In order to satisfy his interests in hunting and lavish entertaining, Prince Charles laid out a magnificent French Baroque garden with fountains, symmetrically positioned trees and fish ponds. The house itself had a conservatory or winter garden decorated with fine works of art and elegant furniture. There was also a prayer room with 35 Biblical pictures created by Hendrick Krock.

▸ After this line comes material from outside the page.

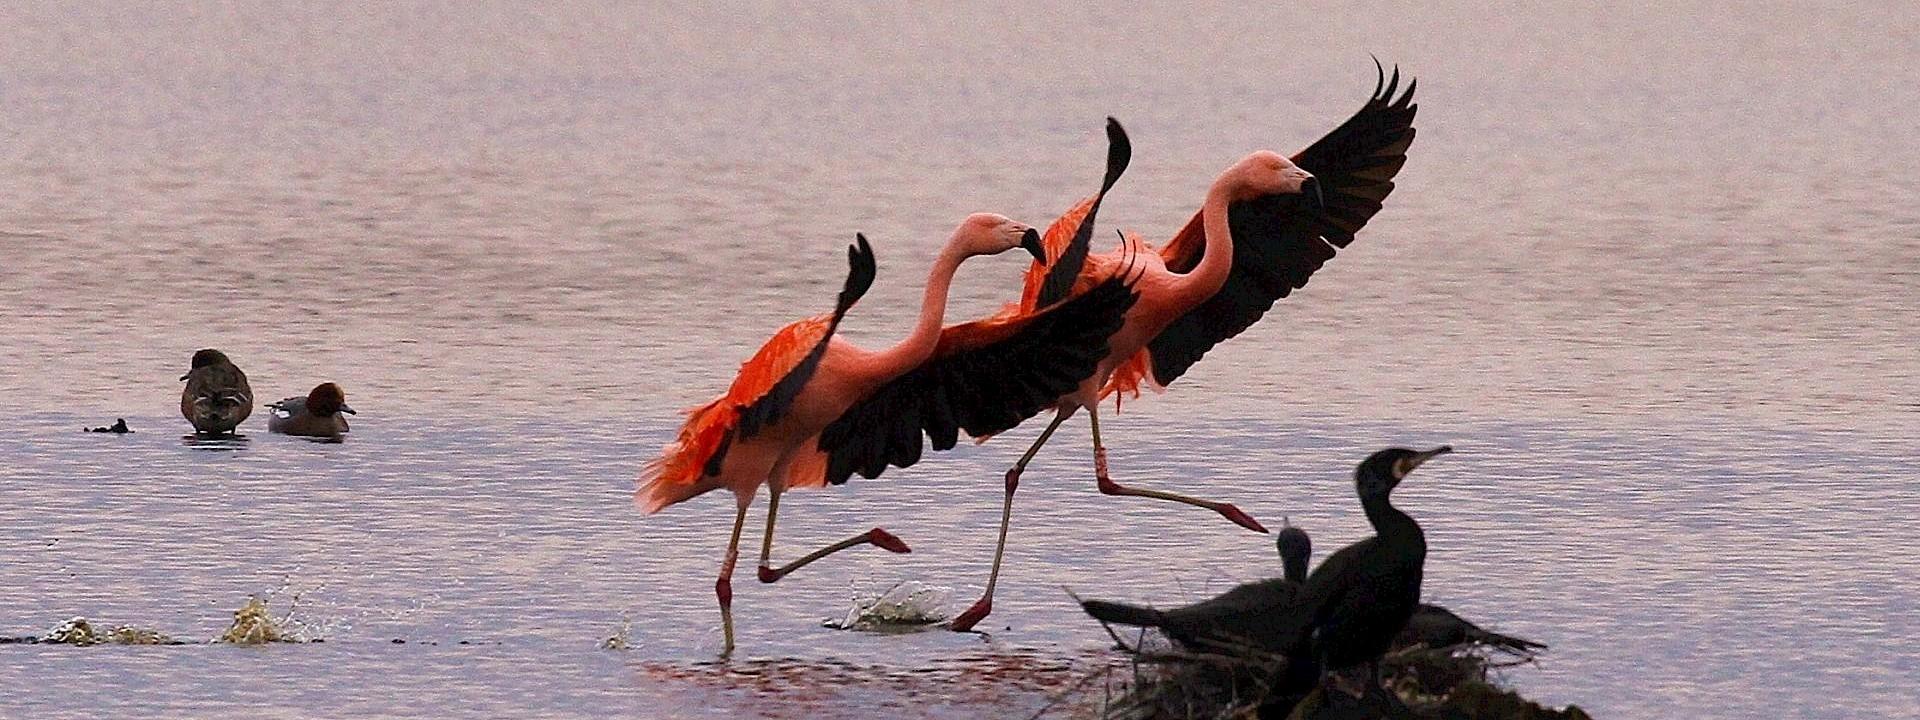 Radreise Flamingoroute Legdener Dahlien mit Flamingos vis-a-vis 4 Tage | ab 182 Euro

With its two large glass doors, the lounge commanded fine views of the lakes and Copenhagen beyond.

==Later developments==

When he died in 1729, Prince Charles left the estate to his sister Sophia Hedevig. She bequeathed Blågård outside to Carl Adolph von Plessen. Thereafter it passed into the hands of Count Conrad Holck, a favourite of King Christian VII. The king soon befriended a number of dancers from the Royal Danish Theatre, especially Støvlet-Cathrine, inviting them to stay at Blågård to take part in his festivities. In 1780, the building was converted for use as a clothing factory until in 1791 it became the first teacher training college in Denmark, known as Blågårds Seminarium. In 1807, the house was used as in infirmary for those wounded during the Bombardment of Copenhagen. The English seriously damaged the gardens, felling the trees for firewood.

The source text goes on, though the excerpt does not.